The International Chamber of Commerce (ICC) has established Incoterms, or international commercial terms, to make global trade simpler. These universally acknowledged guidelines define the responsibilities of both buyers and sellers in international trade contracts and business deals. While some of these terms are applicable to all transport modes, others are exclusively for waterway shipments.
What is Free On Board (FOB)?
Free on Board (FOB) is a term used in international trade to define who covers transportation costs and at what stage the risk of the goods is transferred.

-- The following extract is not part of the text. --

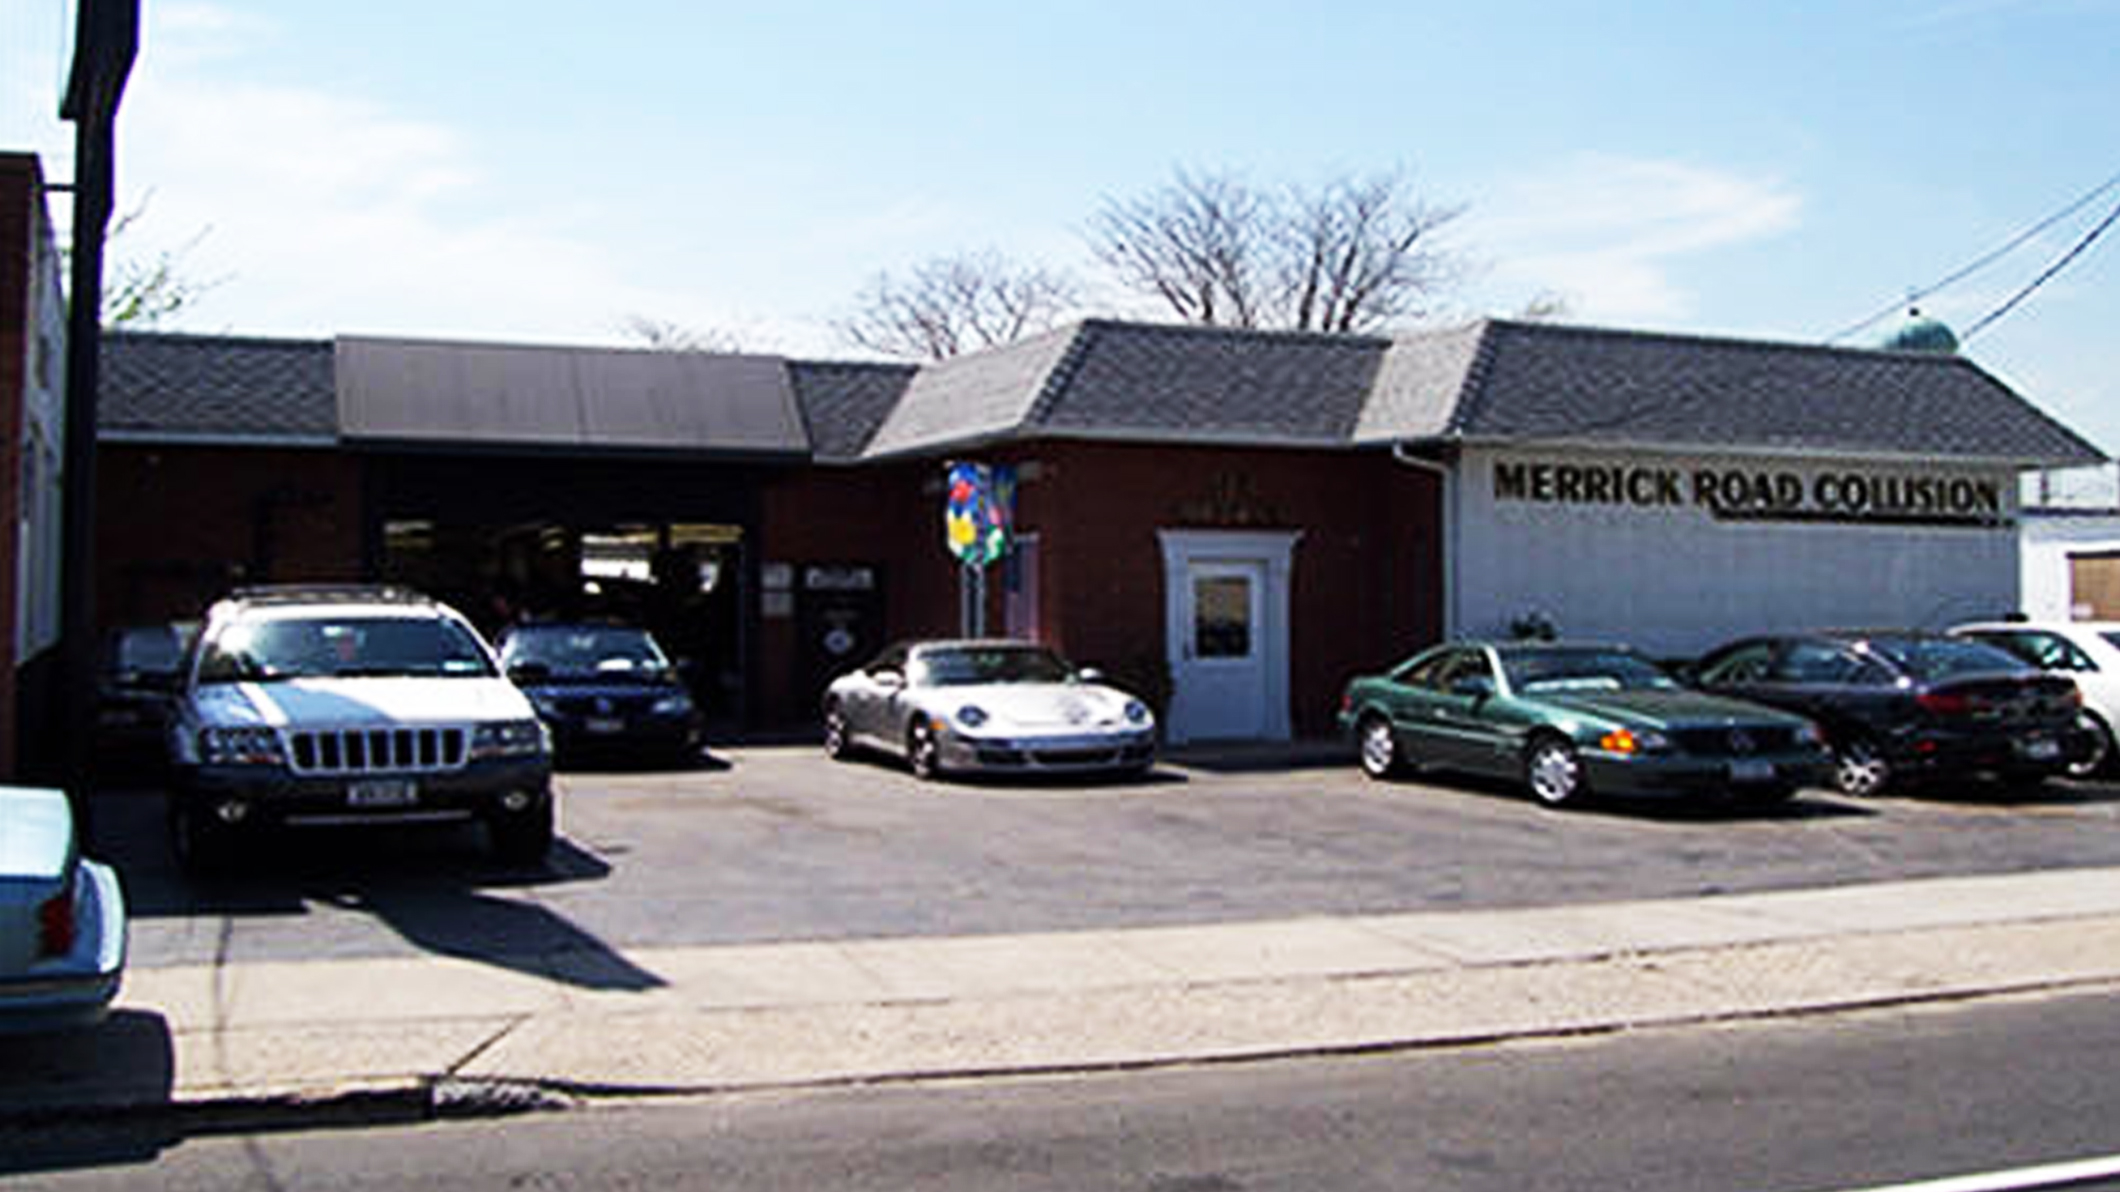 Merrick Road Collision - ad image
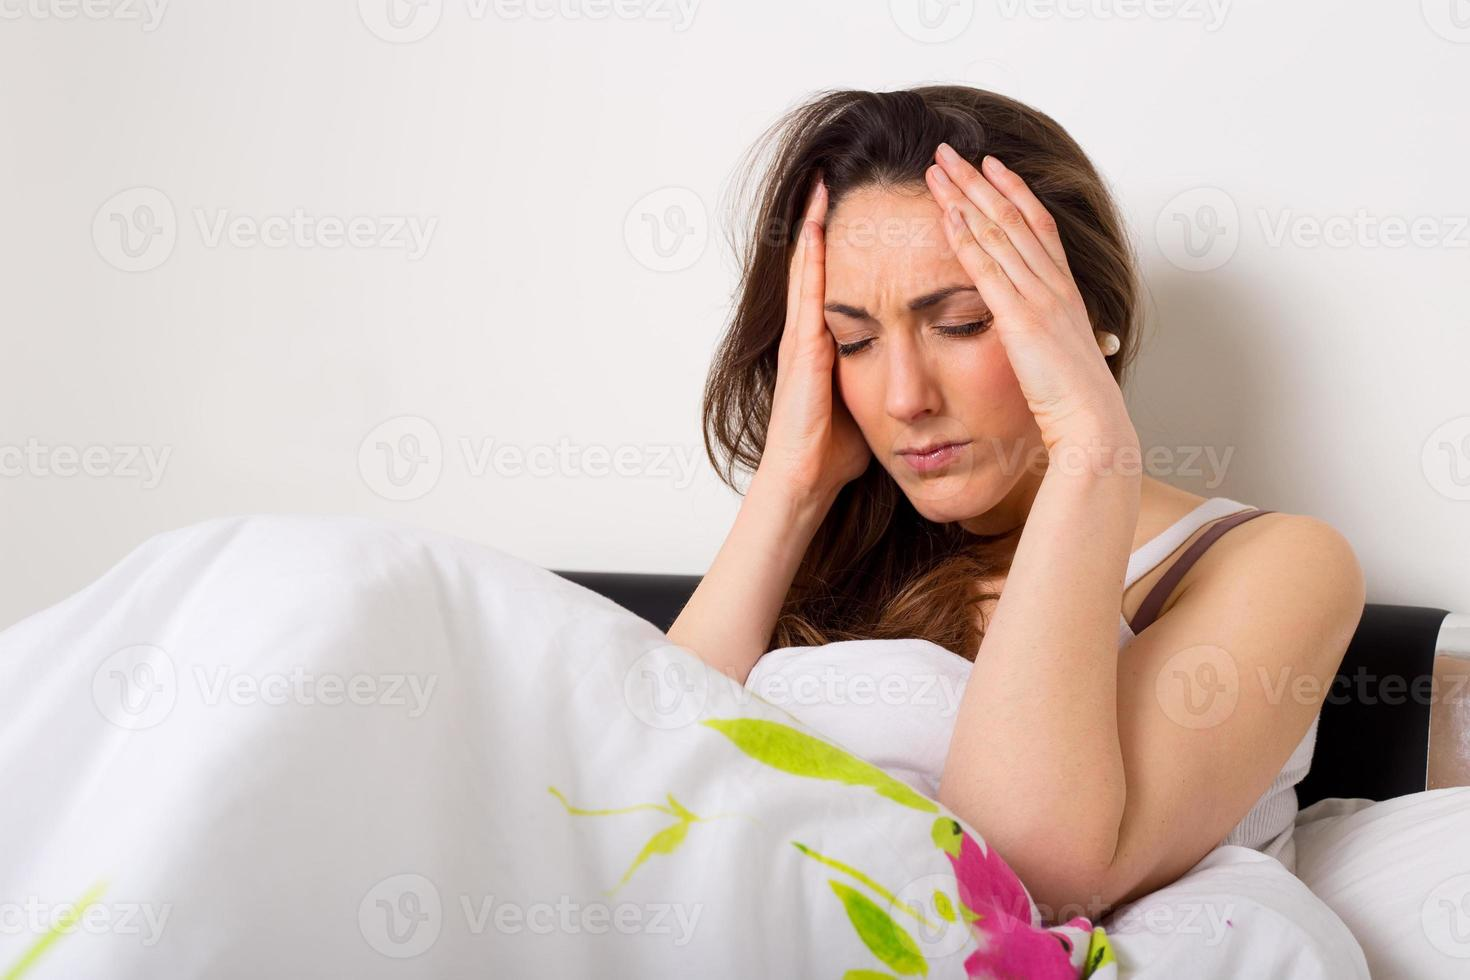 dolor de cabeza foto

- Packaging and loading the goods
- Providing necessary shipping documentation for export customs clearance and covering taxes
- Delivering the goods to the specified port
- Covering the origin terminal handling charges (OTHC)
- Paying for the cost of goods
- Covering the freight and insurance costs linked to transportation
- Managing customs clearance at the entry port and covering applicable import duties or taxes
- Unloading and inland transportation costs
- Import duties, customs clearance, and any applicable taxes or fees
While these are the general responsibilities that apply, the risk transfer depends on whether you are using “FOB Origin” / “FOB Shipping Point” or “FOB Destination”.
FOB Origin / FOB Shipping Point
“FOB Origin” or “FOB Shipping Point” indicates that the buyer takes ownership of the goods as soon as they leave the seller’s premises. From here, the buyer bears all risks and costs related to possible damage or loss of goods during transportation.
On the other hand, “FOB Destination” agrees that the seller takes on responsibility for the goods until they arrive at the buyer’s designated location. Once the goods reach their destination, the ownership and risk transfer to the buyer.
When to use Free On Board (FOB)
It’s important to underline that FOB is specific to ocean freight shipping, while other Incoterms are more suitable for different modes of transport, like EXW (Ex Works and CPT for example.
Using FOB (Free on Board) for containerized goods is a common mistake that can expose exporters to unnecessary risks. In fact, under FOB, the responsibilities shift once the cargo is on the ship but in case of containerized goods, shippers usually deliver the cargo at the terminal, where it then awaits to be loaded onto the vessel. This interim period, which can be hours or even days, creates an ambiguous zone of accountability. To avoid these risks for containerized freight, it’s advisable to use alternatives such as FCA (Free Carrier) or CPT (Carriage Paid To that are specifically designed for containerized shipments and provide clearer delineation of responsibilities.